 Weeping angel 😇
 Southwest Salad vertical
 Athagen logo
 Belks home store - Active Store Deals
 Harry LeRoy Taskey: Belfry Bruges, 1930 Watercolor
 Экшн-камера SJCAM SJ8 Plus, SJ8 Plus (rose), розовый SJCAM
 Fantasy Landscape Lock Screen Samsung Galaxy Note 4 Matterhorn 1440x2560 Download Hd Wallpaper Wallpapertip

_What is needed:_ Looking at the records above, please output exactly the lines that run from the one holding "Belks home store - Active Store Deals" to the final line, and only those.

_Result of the exercise:_
 Belks home store - Active Store Deals
 Harry LeRoy Taskey: Belfry Bruges, 1930 Watercolor
 Экшн-камера SJCAM SJ8 Plus, SJ8 Plus (rose), розовый SJCAM
 Fantasy Landscape Lock Screen Samsung Galaxy Note 4 Matterhorn 1440x2560 Download Hd Wallpaper Wallpapertip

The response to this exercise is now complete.